Был он крупная шишка. Управлял какими-то имениями в Крыму и на Кавказе; на Волге, под его начальством, состояло более двадцати тысяч десятин, кроме того, что-то орудовал с нефтью и с железом. Видел я его каждый день. Утром, бывало, выйдет к завтраку – в час или в два, – просто страшно на него смотреть. Огромный, опухший, лицо земляное, под глазами черные мешки, а глаза оловянные, бессмысленные, чуть не выскакивают наружу. Дышать ему очень трудно было; что-то такое делалось у него с легкими или с сердцем, – кажется, была грудная жаба. Ляжет грудью на стол, локти растопырит и дышит не то что горлом, а спиной, и животом, и головой. Набирает воздуху – голову и грудь подымет кверху, рот раскроет, а как выпустит воздух, так весь и рухнет опять на стол. Так и трепыхается, бедный, с полчаса. Но ничего: ошарашит перед завтраком сколько-нибудь водки, бутылку гретого красного вина, глядишь – и поправился и повеселел.

Крупные он, должно быть, дела делал, и все с шуточками, с приговорками, за обедом, за шампанским. Но и в карты сильно играл и развратничал широко. Щедрый был. Много от него нашему брату перепадало.

Остановился он в четвертом номере, у Михайлы, в бельэтаже, и странно, – с этих пор у нас с Михайлой нашу дружбу – чик! – точно ножом отрезало. Охладели друг к другу– и шабаш. Только раз, помню: кончил я службу и иду вниз по лестнице, а он меня сверху кличет: «Андрей!» Гляжу, он через перила перевесился и манит меня пальцем. И лицо все у него кривится, как у дьявола: не то смеется, не то нарочно рожи строит. Я поднялся к нему, спрашиваю: «Что́?» А он говорит: «Вчера Николай Яковлевич (это так номера четвертого звали), вчера Николай Яковлевич пьяный вернулся, и, когда лег, сейчас же захрапел, и двери не успел запереть. Я его толкал, толкал: «Не угодно ли, мол, раздеться?» Ку-да!» Понял я, поглядел на Михайлу, он на меня. «Так что же?» – шепотом спрашиваю. А он этак, с растяжкой: «Да н-ниче-го». – «Прощай, говорю, Михайла». А он опять так же лениво: «Прощай, Андрей».

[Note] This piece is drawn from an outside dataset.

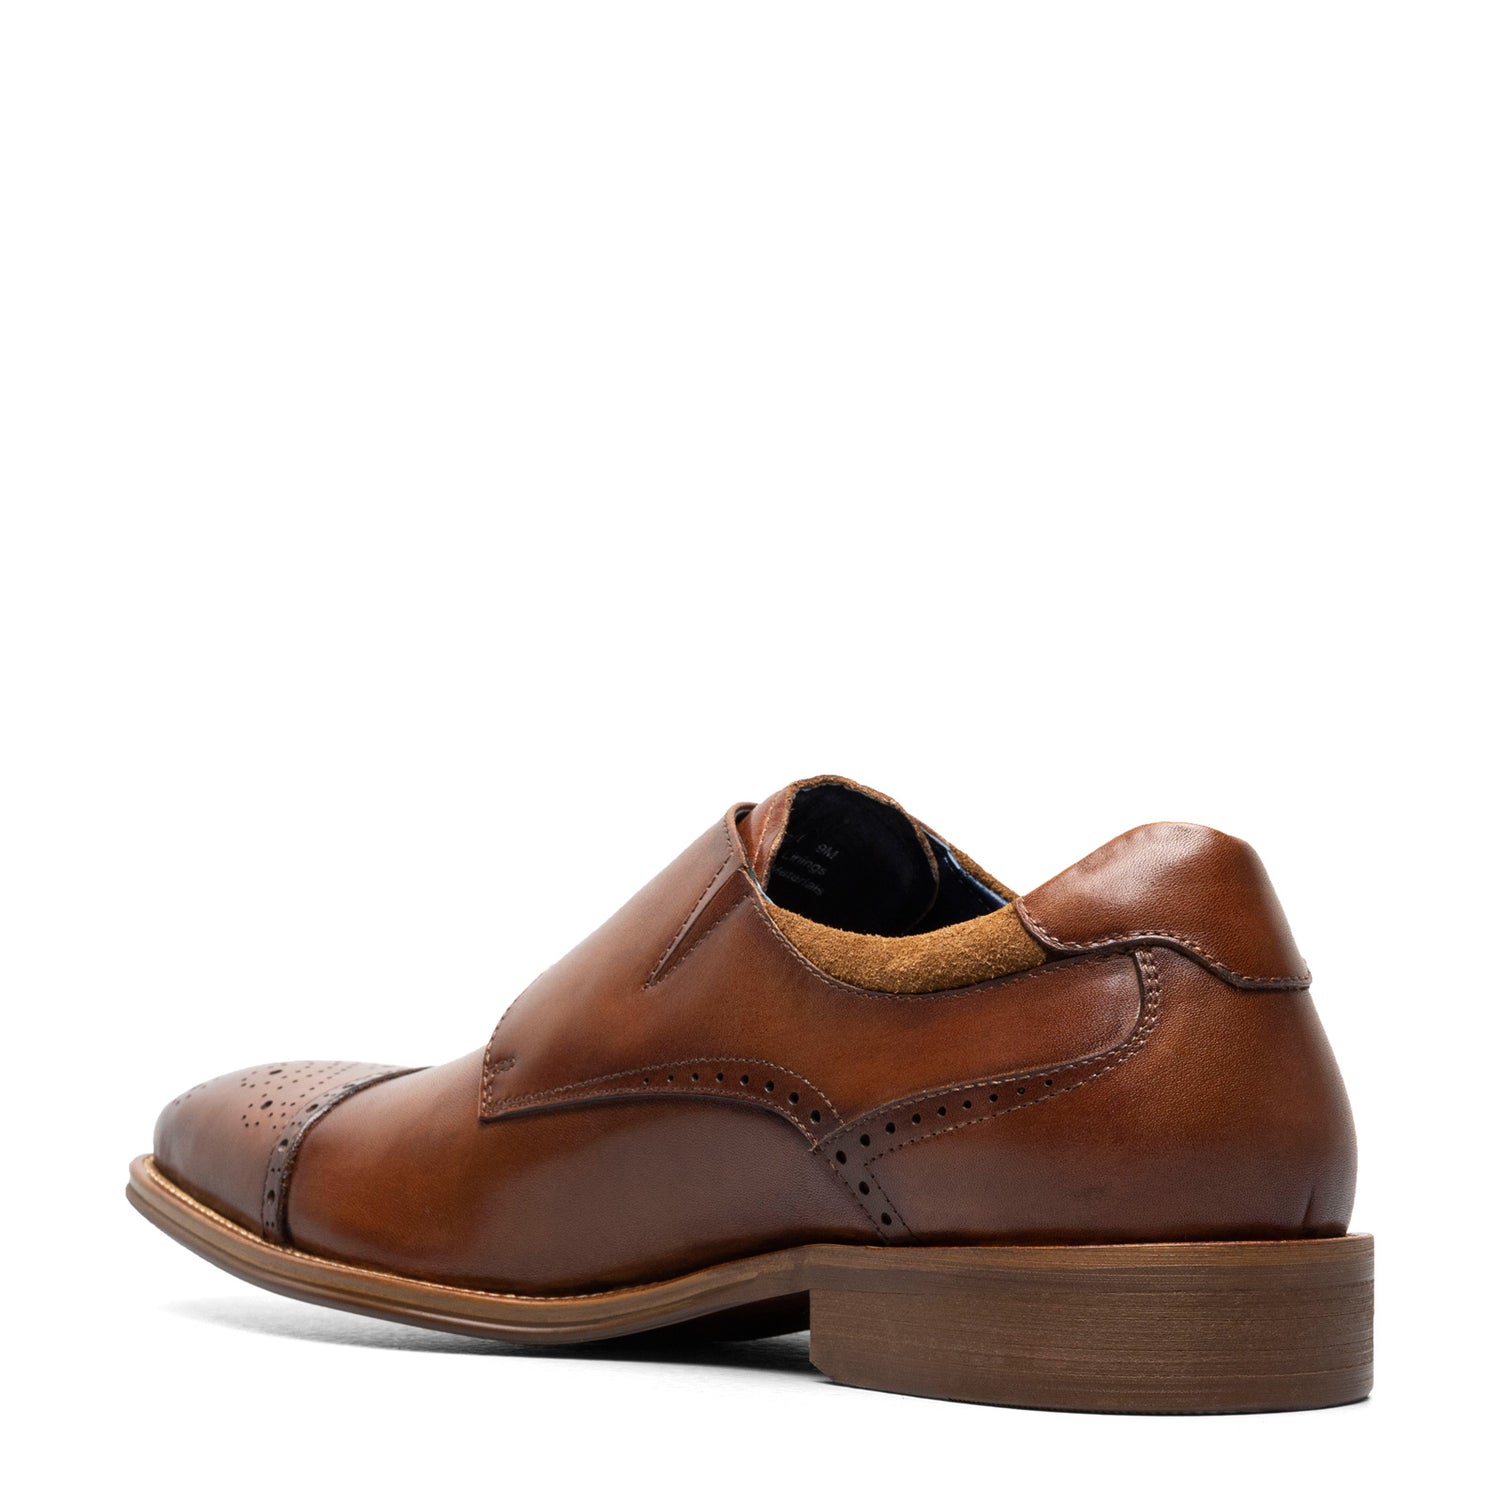 Peltz Shoes  Men's Stacy Adams Mathis Cap Toe Monk Strap Cognac 25540-221

А потом и случилось это самое. Подал я вечером в красный кабияет устрицы, матлот из налима и какое-то белое вино и стою в коридоре около часов. Было четверть первого. Вдруг точно меня кто-то сзади толкнул в спину. Обернулся, гляжу – в конце коридора стоит Михайла. Лицо белое, – такое белое, что от манишки не отличишь. Стоит – и ни звука. И знаете, – удивительно: сразу я понял, в чем дело. И ни он мне не сказал ничего, ни я ему. Но заметил я, что у него на руках белые перчатки.

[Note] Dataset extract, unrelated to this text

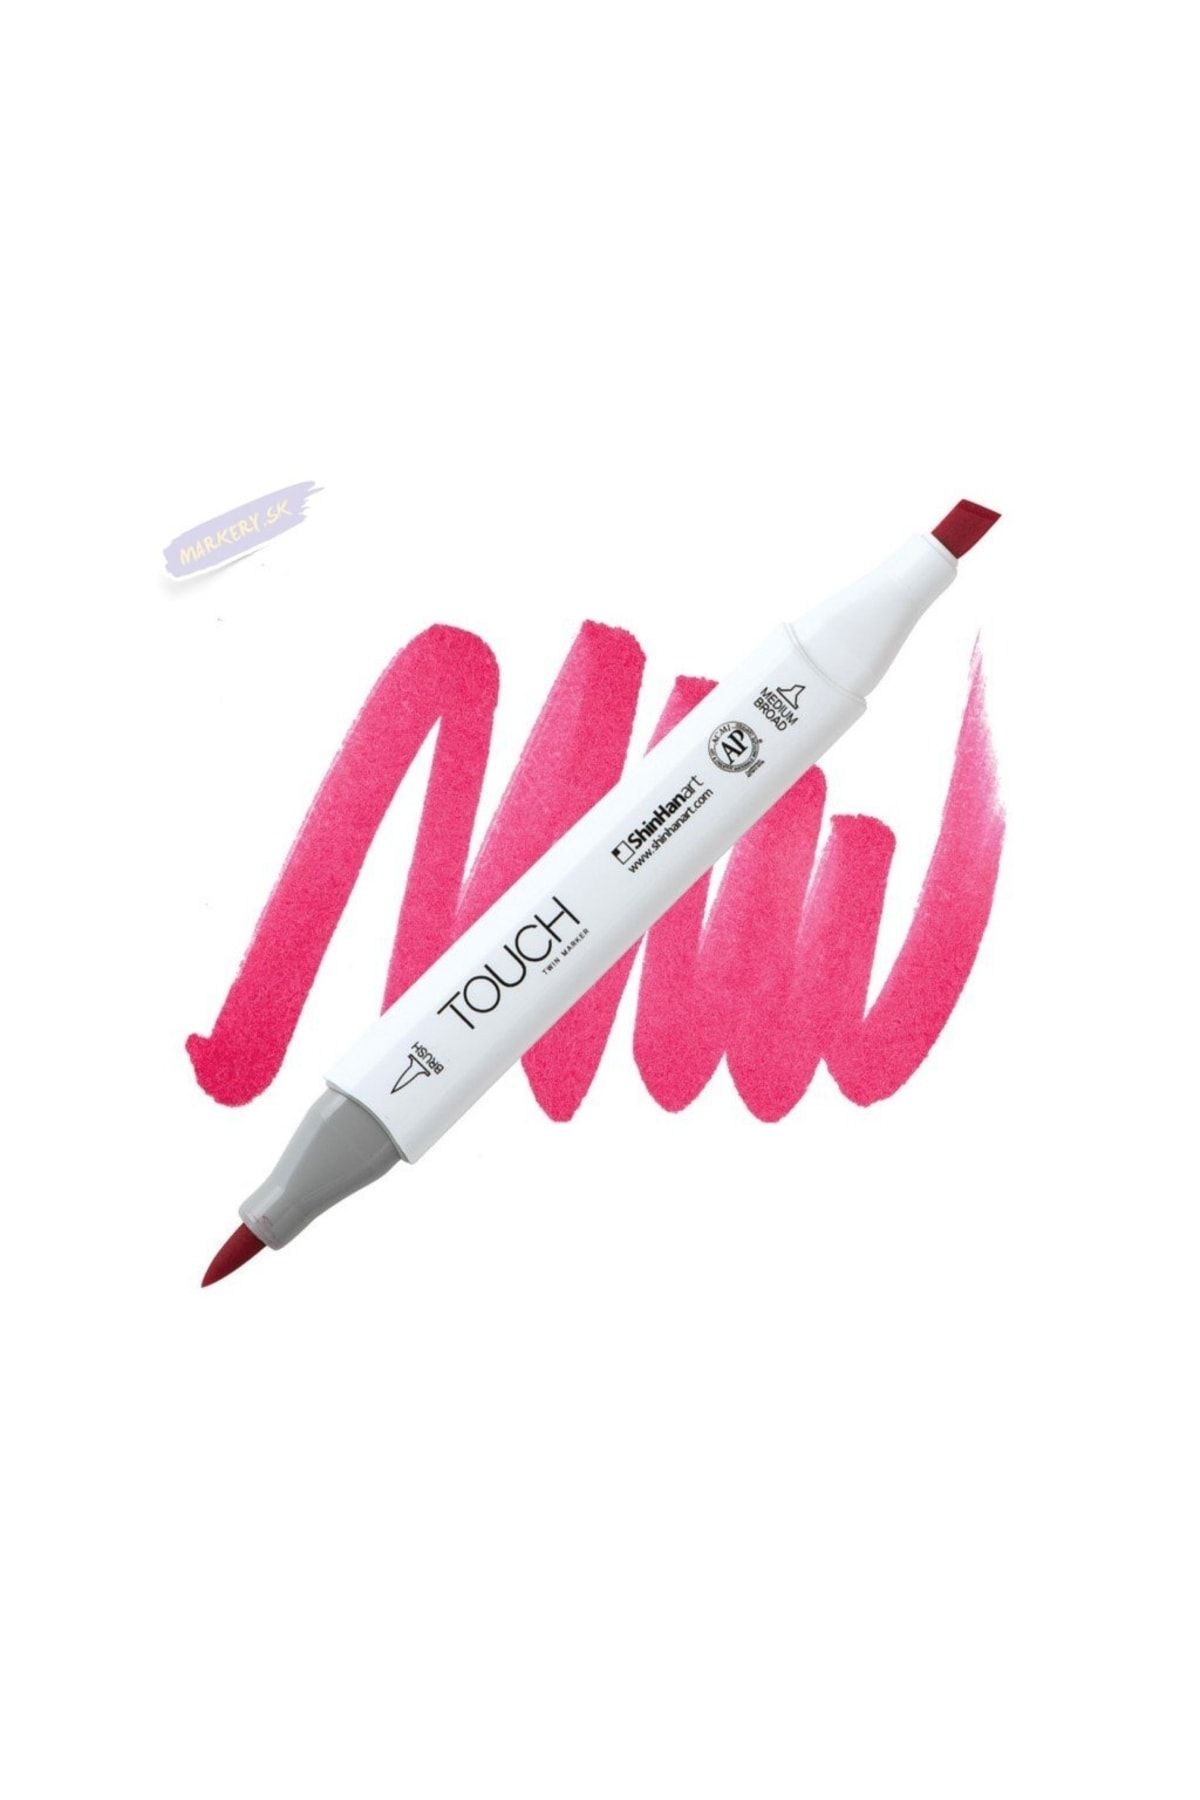 Shinhan Art Touch Twın Brush Pen : Çift Taraflı Marker : Cp5 Cherry Pink

Он впереди шел, я сзади. Подошли к номеру четвертому. В коридоре ни души, и уж лампы потушены. Я шепчу ему: «Тише!» А он нарочно со всего размаха как дернет дверь! И сейчас же меня вперед пропихнул и запер дверь на ключ.

Темно было в номере, – так темно, что я Михайлу сразу же потерял, да и сам не могу понять, куда я попал, где двери, в какую сторону идти? Заблудился. Вдруг слышу – чиркнули спичкой, огонь. Гляжу, Михайла в комнате около зеркала зажигает свечку; думаю: «Что же он, болван, такое делает?» А он со свечкой моментально на перегородку в спальню. Слышу, говорит: «Барин, а барин, Николай Яковлевич, извольте раздеваться, неудобно вам так будет. Позвольте, я вас в кроватку уложу».

Помолчал немного и вдруг опять: «Эй, ты, бугай черкасский, вставай! А то как дам каблуком в живот!» И опять тихо, только слыхать, дышит барин тяжело так, с натугой. Вдруг Михайла зовет меня: «Андрей, поди сюда».

Вошел я за перегородку. Лежит Николай Яковлевич на спине, живот огромный, как гора, рот раскрыт, и по бороде слюни потекли, одна нога на кровати, другая вниз свесилась. Ох, как же он дышал! Видали рыбу, когда ее на берег вытащат? Точь-в-точь. Видно, попадала ему в легкие всего одна чайная ложечка воздуху, так он ее ртом, и носом, и горлом… Стонет, кряхтит, нудится, и лицо все искривилось, а проснуться не может…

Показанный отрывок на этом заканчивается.